GPT-4V是机器学习和自然语言处理领域的一项重要进展。通过GPT-4V,您可以用自然语言提出关于图像的问题,以及后续的问题,模型将尝试回答您的问题。

GPT-4V performed well at various general image questions and demonstrated awareness of context in some images we tested. For instance, GPT-4V was able to successfully answer questions about a movie featured in an image without being told in text what the movie was.🔄  ❓

For general question answering, GPT-4V is exciting. While models existed for this purpose in the past, they often lacked fluency in their answers. GPT-4V is able to both answer questions and follow up questions about an image and do so in depth.
对于一般的问题回答,GPT-4V非常令人兴奋。虽然过去已经存在用于此目的的模型,但它们在回答问题时常常缺乏流畅性。GPT-4V能够回答关于图像的问题以及后续问题,并且能够深入地进行回答。

With GPT-4V, you can ask questions about an image without creating a two-stage process (i.e. classification then using the results to ask a question to a language model like GPT). There will likely be limitations to what GPT-4V can understand, hence testing a use case to understand how the model performs is crucial.
通过GPT-4V,您可以在不创建两个阶段的过程(即先分类,然后使用结果向GPT等语言模型提问)的情况下,对图像提出问题。GPT-4V可能会有一些理解能力的限制,因此测试使用案例以了解模型的表现至关重要。

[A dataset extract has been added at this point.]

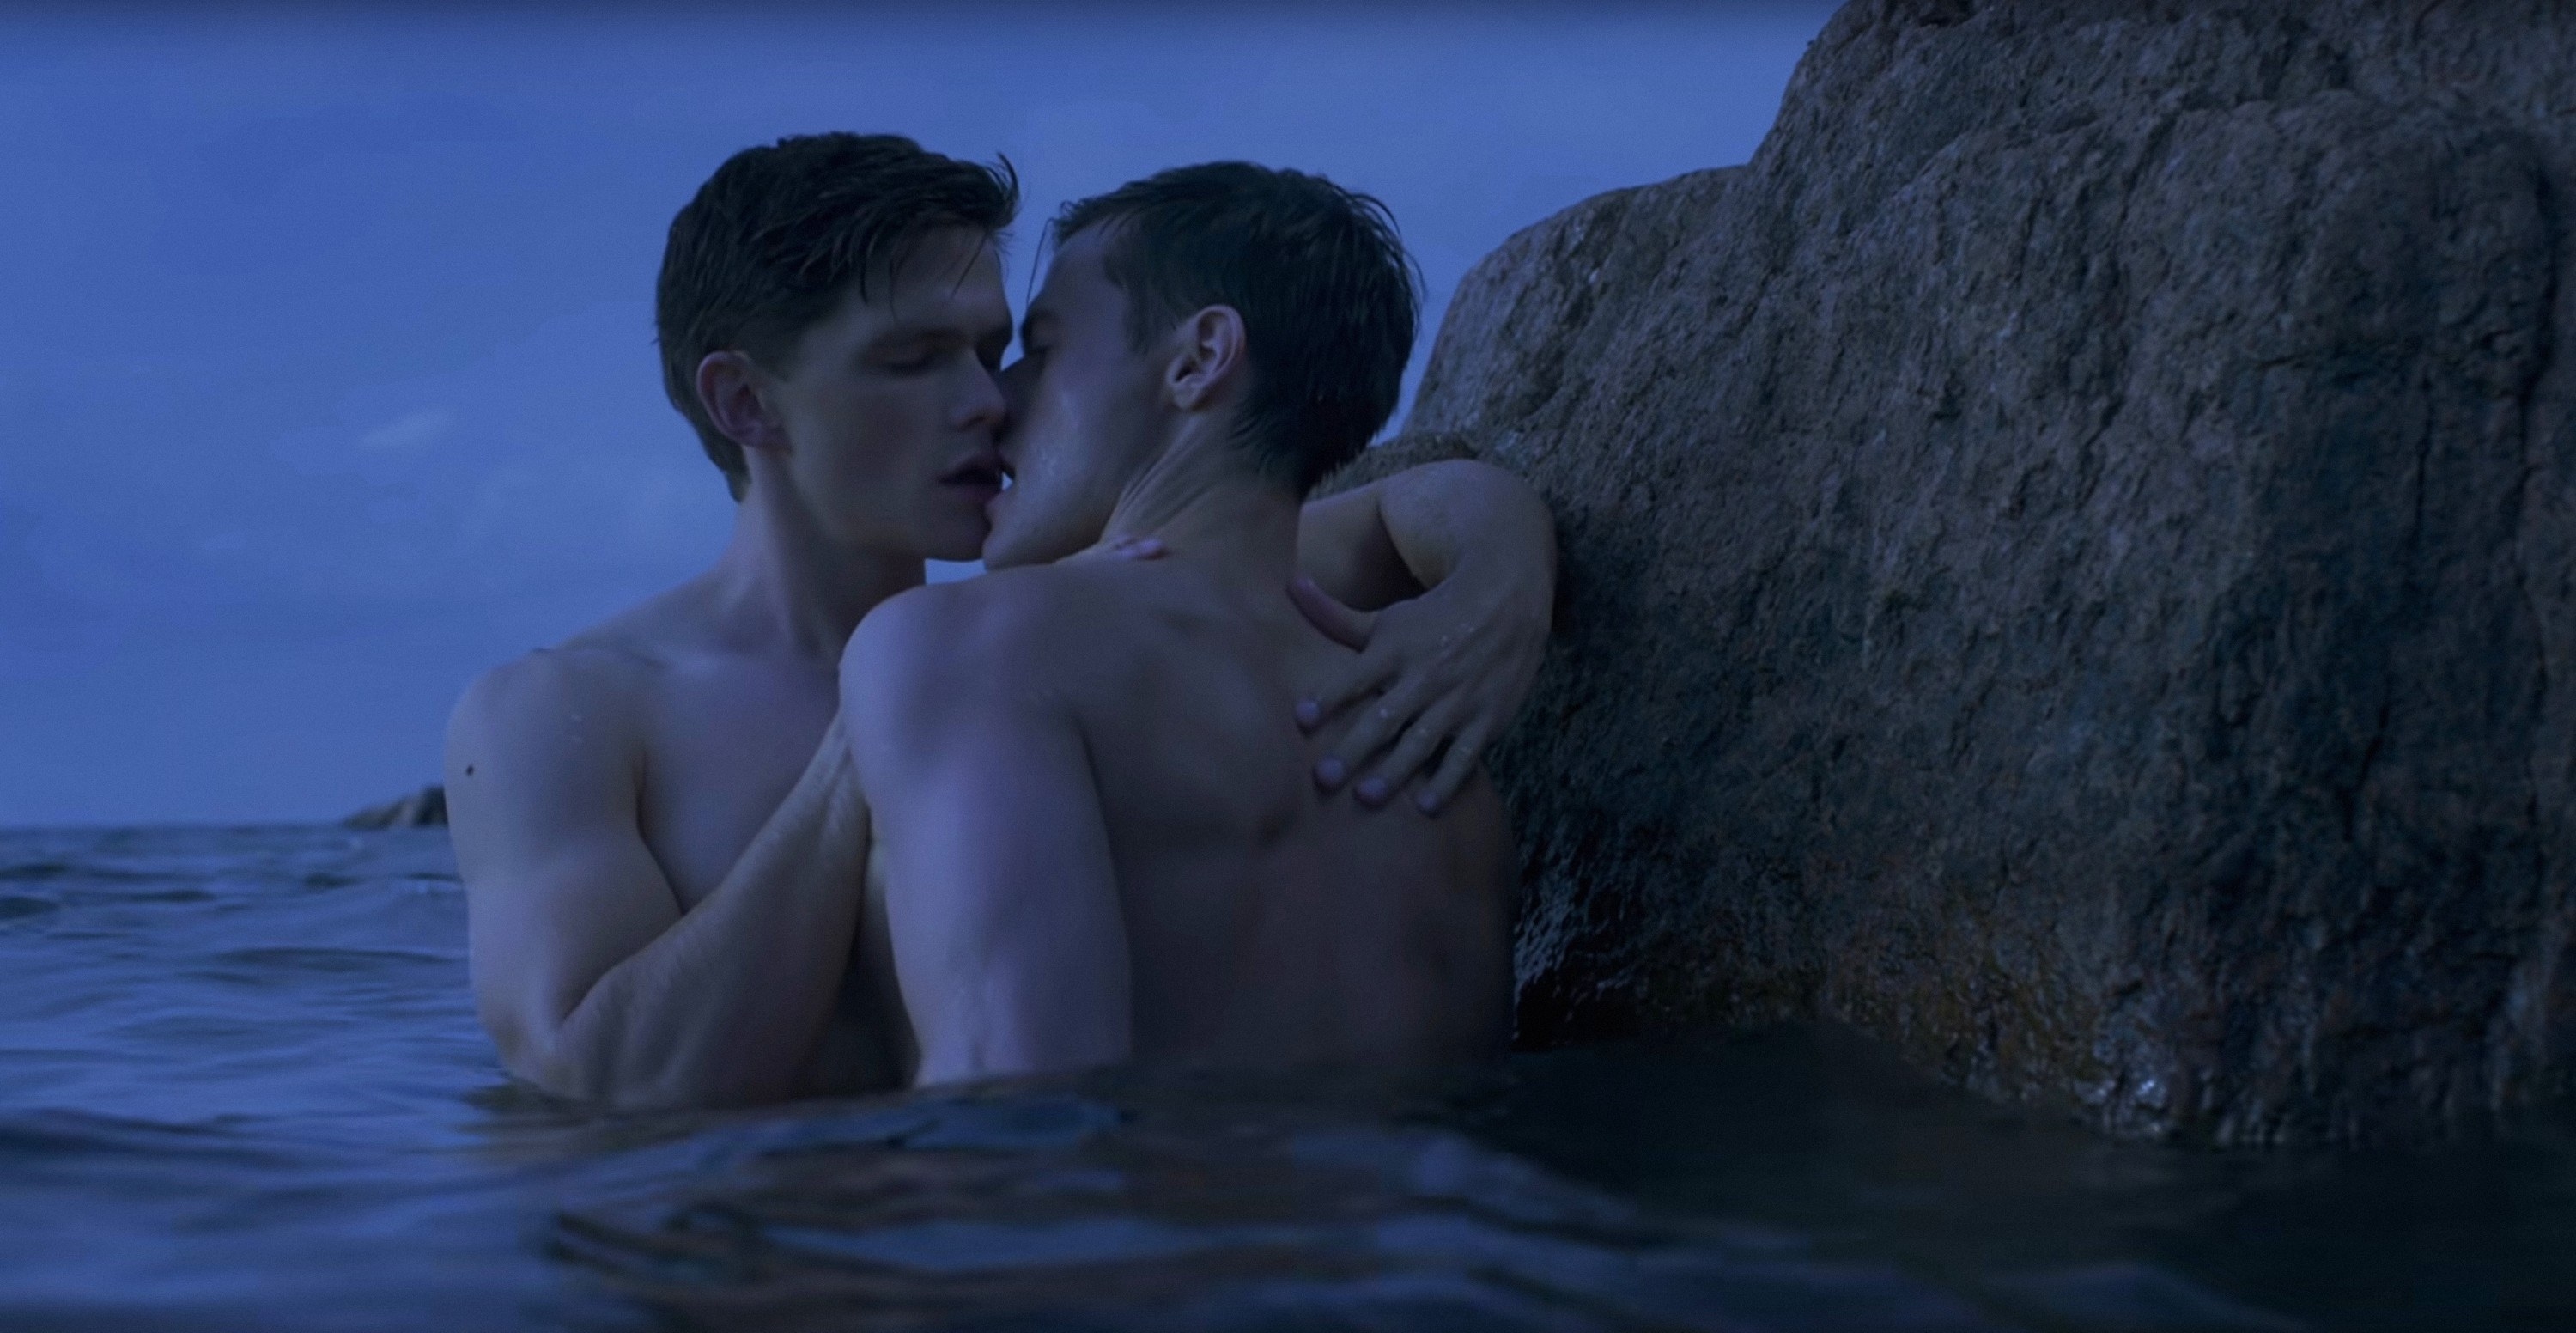 Tom Prior and Oleg Zagorodni kiss by a rock

With that said, GPT-4V has its limitations. The model did “hallucinate”, wherein the model returned inaccurate information. This is a risk with using language models to answer questions. Furthermore, the model was unable to accurately return bounding boxes for object detection, suggesting it is unfit for this use case currently.
话虽如此,GPT-4V也有其局限性。该模型会出现“幻觉”,返回不准确的信息。这是使用语言模型回答问题时的风险。此外,该模型无法准确返回物体检测的边界框,暗示目前不适合这种用例。

We also observed that GPT-4V is unable to answer questions about people. When given a photo of Taylor Swift and asked who was featured in the image, the model declined to answer. OpenAI define this as an expected behavior in the published system card.
我们还观察到,GPT-4V无法回答关于人的问题。当给出一张泰勒·斯威夫特的照片,并询问图像中的人是谁时,模型拒绝回答。OpenAI在发布的系统卡中将此定义为预期行为。